Alernatively, we might look at box plot, that illustrates the so-called five-point summary of

min, 1st quartile, median, 3rd quartile, and max.

import matplotlib.pyplot as plt
fig = plt.figure(figsize=(12,6))
plt.subplot(1,2,1)
df.boxplot(['How old are you?'] , grid=False)
plt.subplot(1,2,2)
df.boxplot(['height'] , grid=False);

A pie chart for categorical data¶

Lots of people seem to love pie charts for categorical data.
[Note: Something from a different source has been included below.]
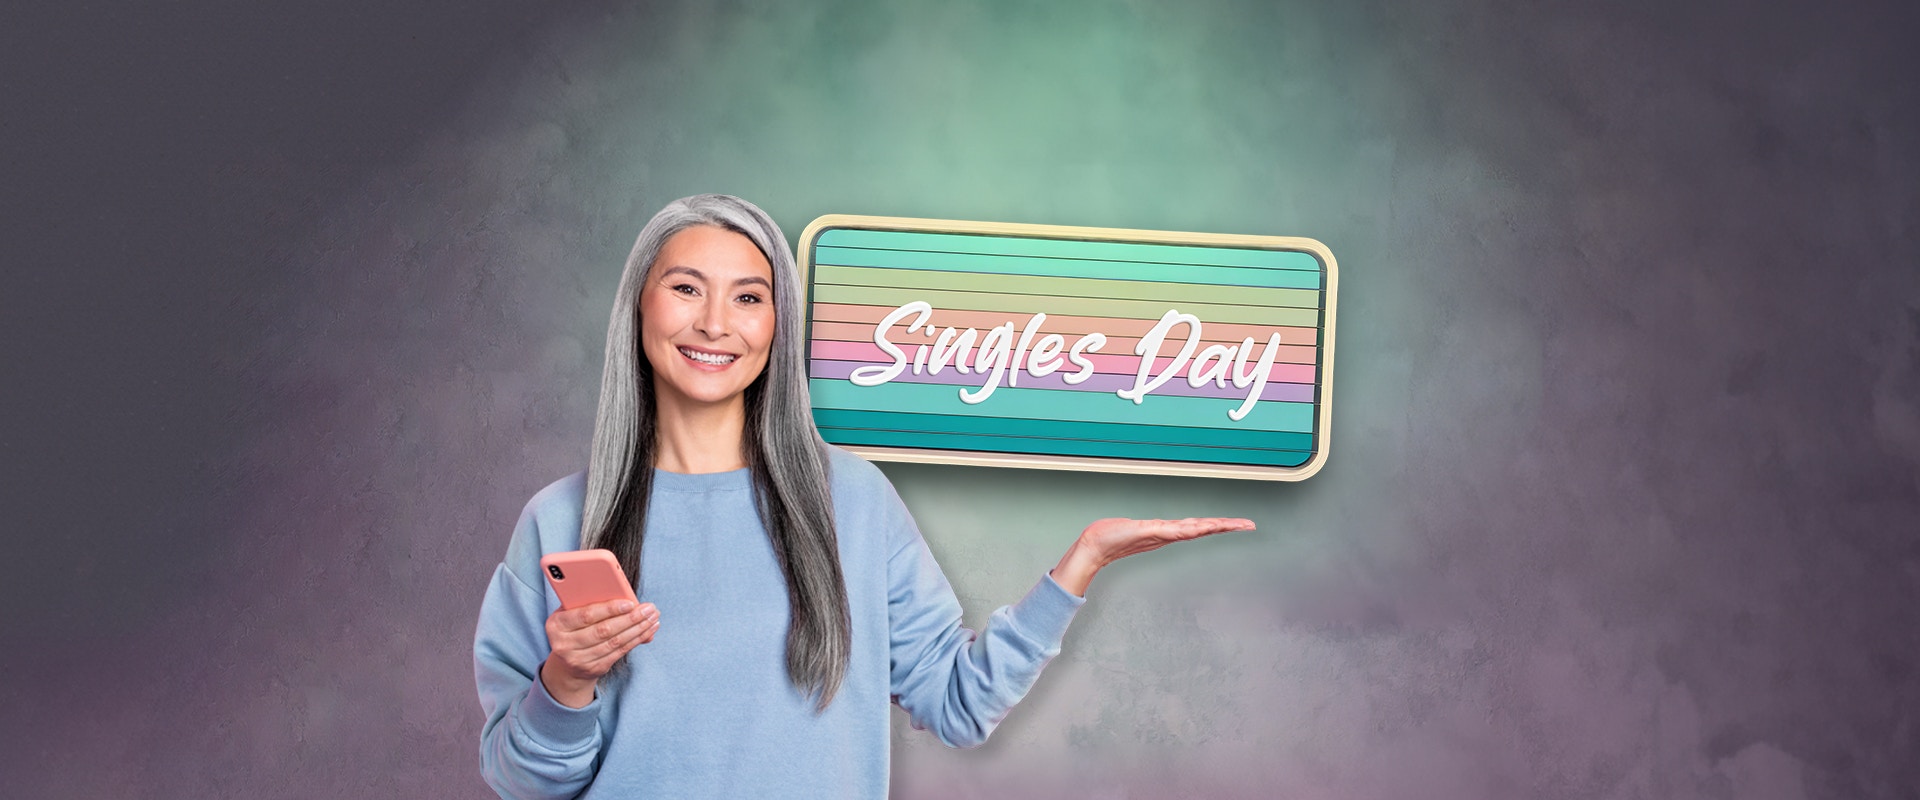 Eine Frau mit Handy und einem Schild mit der Aufschrift "Singles' Day"

I only favor pie charts when comparing two values of a categorical variable.

df['What is your gender (optional):'].value_counts().plot.pie(figsize=(8,8));

A bar chart for categorical data¶

An better way to look at categorical data is with a bar chart, which makes it much easier to compare two values that are quite close to one another.

df['Choose your eye color'].value_counts().plot.bar(rot=0, figsize=(13,8));

Comparing variables¶

Sometimes we'll want to find if there's a relationship between two variables. In the following side-by-side boxplot, we examine how the relationshipe between gender and height.

import seaborn as sns
pic = sns.catplot(
    kind='box', x='What is your gender (optional):', y='height', data=df,
    aspect = 1.5)

Geographic data¶

Geographic data is of tremendous importance and is often best illustrated on a map. Here's what the actual answers to the hometown question looks like:

import folium
import pandas as pd
from numpy import random

map = folium.Map(location = [35.6, -82.6], zoom_start = 5)

random.seed(1)
def s_to_pt(s):
    pt  = s.split(';')
    return  [float(pt[0]) + (random.random()-0.5)/20, float(pt[1]) + (random.random()-0.5)/20]
gb = df.groupby('Where is your hometown?').count()
for pt in df['Where is your hometown?']:
    folium.Circle(s_to_pt(pt), 5000, fill=True, popup = pt).add_to(map)
map

Make this Notebook Trusted to load map: File -> Trust Notebook

The objectives of Statistics¶

One simple characterization of statistics is

the study of how to collect, analyze, and draw conclusions from data.

Note the three parts:

Collect: Using experiments or observational studies,
Analyze:
- Qualitatively - often using graphs
- Quantitatively - often using computations from probability theory
Draw conclusions: The process of inference

Collecting data¶

Collecting data often boils down to designing an experiment or observational study.

An observational study is one where the data collection does not interfere with how the data arises. Examples include surveys and reviews of records.
In an experiment, researchers actively work with the samples applying treatments and observing effects. Medical researchers, for example, might study the efficacy of a vaccine where a large random sample of patients is broken into a treatment group and non-treatment group; researchers then compare the outcomes of the two groups

We'll talk a lot more about getting data next time.

Analyzing data¶

The images we've seen today allow us to draw rough qualitative conclusions about the data we see. Quantiative analysis is more numerical. For example, 2 out of the 39 people in the class are left handed, or about 5.1%.

This is more precise information than we could glean from a pie chart.

Inference¶

Ultimately, we want to draw inferences or conclusions from data. To do so, it helps to have a little terminology:

Population refers to the complete set of entities under consideration,
Sample refers to some subset of the population,
Parameter refers to some summary characteristic of the population, and
Statistic refers to some summary characteristic computed from a sample.

The main question is: once you've computed a statistic from a sample, what might that tell you about the corresponding parameter for the whole population?

For example, I guess that 5.1% of our class is left handed. We could take that as an approximation to the number of left handed folks in the whole population. How accurate an approximation might we expect that to be?